AI agents can choose tools and chain actions, so the risk is not just harmful output. The governance problem becomes delegated execution, where an agent can misuse allowed access, combine steps unexpectedly, or continue beyond the intent of the original request. That is why red teaming must cover tool use and action paths, not only prompts.
Why This Matters for Security Teams
AI agents do not just generate content; they can initiate actions, invoke tools, and keep pursuing a goal after the original prompt has ended. That changes red teaming from testing for unsafe text into testing for delegated execution. Security teams need to understand whether an agent can overreach through valid credentials, chain permitted steps into an unintended outcome, or expose secrets while still appearing to “work as designed.” Current guidance from the OWASP Agentic AI Top 10 and NIST AI Risk Management Framework makes clear that runtime behavior, not just model output, is the real risk surface. NHIMG research shows this is not theoretical: in SailPoint’s AI Agents: The New Attack Surface report, 80% of organisations said their AI agents had already performed actions beyond intended scope. In practice, many security teams encounter agent misuse only after tool access has already been granted and an action trail has been created, rather than through intentional red-team discovery.How It Works in Practice
Ordinary AI applications are usually assessed like decision systems: what did the model say, and did it leak or hallucinate? Agentic systems need a different test plan because the model may choose between tools, sequence those tools, and adapt its path based on intermediate results. That means red teaming should examine the full action chain: prompt injection, tool selection, credential use, data retrieval, lateral movement, and post-task continuation. NHIMG’s OWASP NHI Top 10 and the CSA MAESTRO agentic AI threat modeling framework both point toward the same operational shift: treat the agent as a workload with an identity, not as a static application instance.That leads to practical controls that red teams should challenge directly:
- Does the agent get just-in-time, task-scoped credentials, or does it hold long-lived secrets?
- Is authorisation evaluated at runtime based on intent, context, and target resource?

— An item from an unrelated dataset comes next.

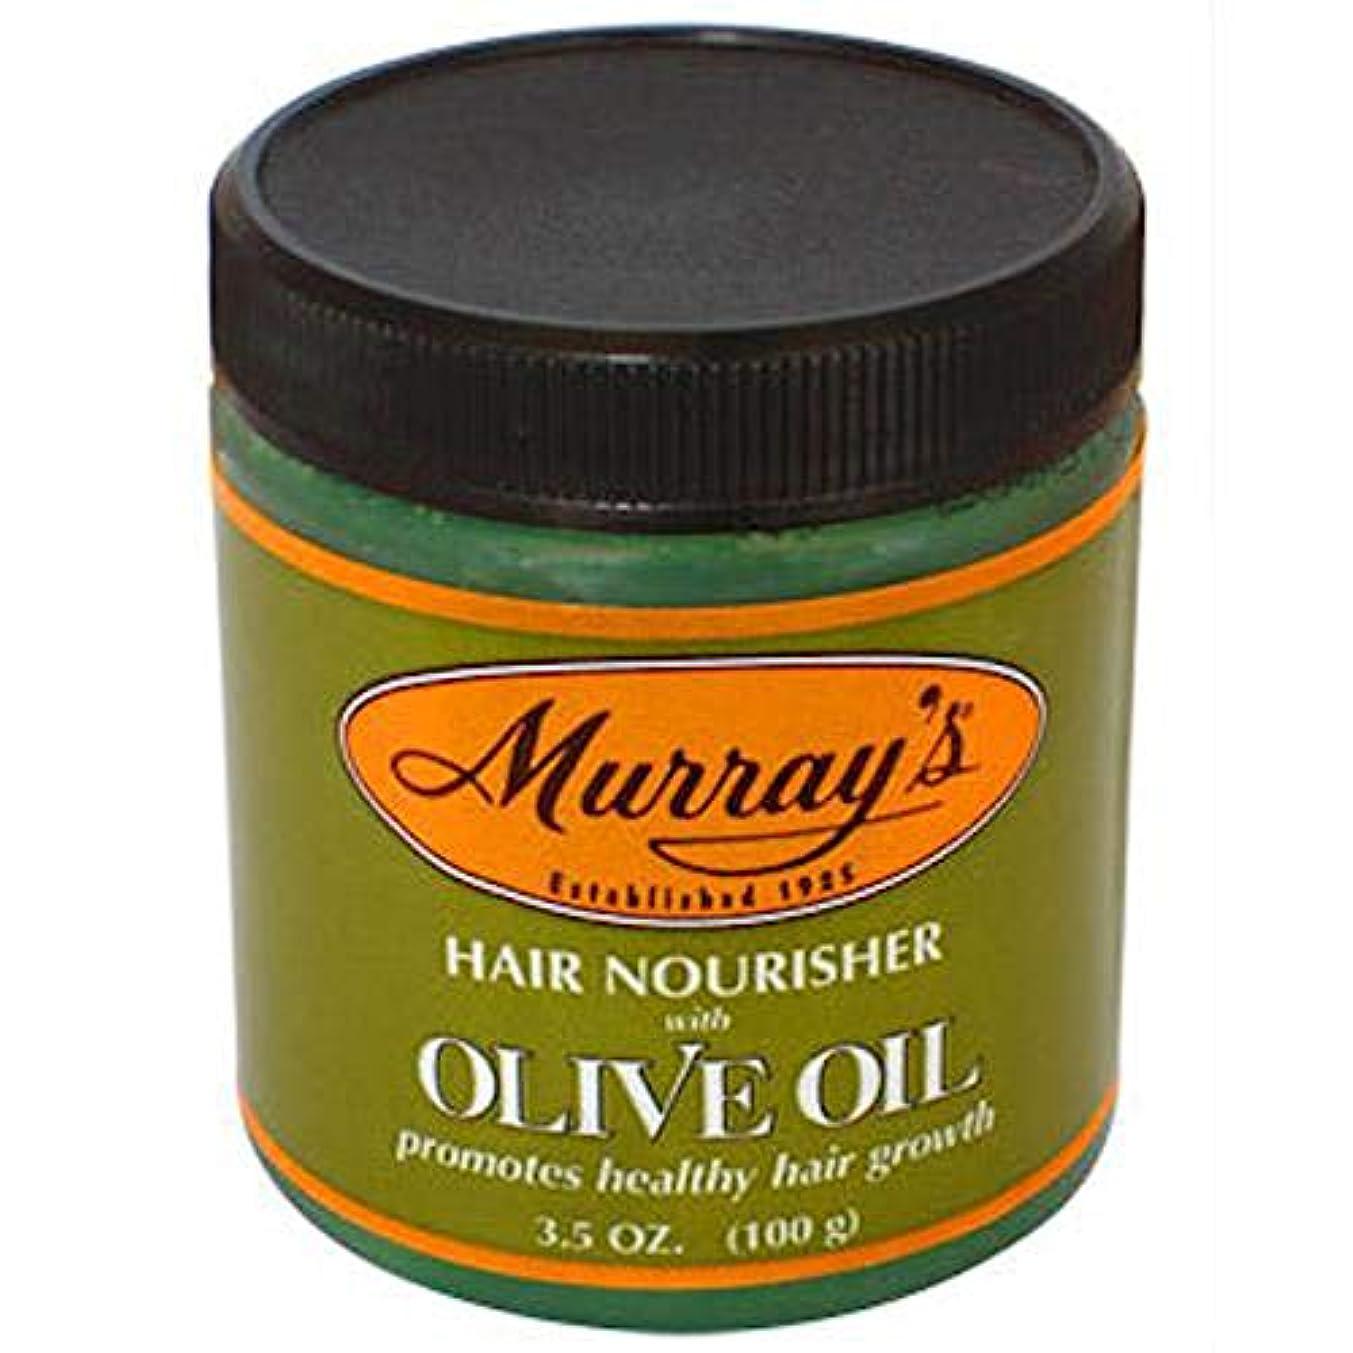 ステープルしおれたアームストロングMURRAY'S(ブランド) マーレーズ - Olive Hair Oil/香水?コスメ 【公式/オフィシャル】

- Can the agent prove workload identity through mechanisms such as OIDC or SPIFFE/SPIRE rather than shared API keys?
- Are tool calls logged in a way that supports full reconstruction of action paths?
- Can policy stop a chain of individually allowed actions that becomes unsafe in aggregate?
This is where static RBAC often fails. A role can say what an agent may access in general, but it cannot always anticipate what the agent will try next, especially when the goal is ambiguous or the environment changes mid-task. Best practice is evolving toward policy-as-code, short-lived secrets, and intent-based authorisation evaluated at request time, not at deployment time. These controls tend to break down when agents operate across multiple SaaS tools and legacy systems because identity, logging, and policy enforcement are usually fragmented across boundaries.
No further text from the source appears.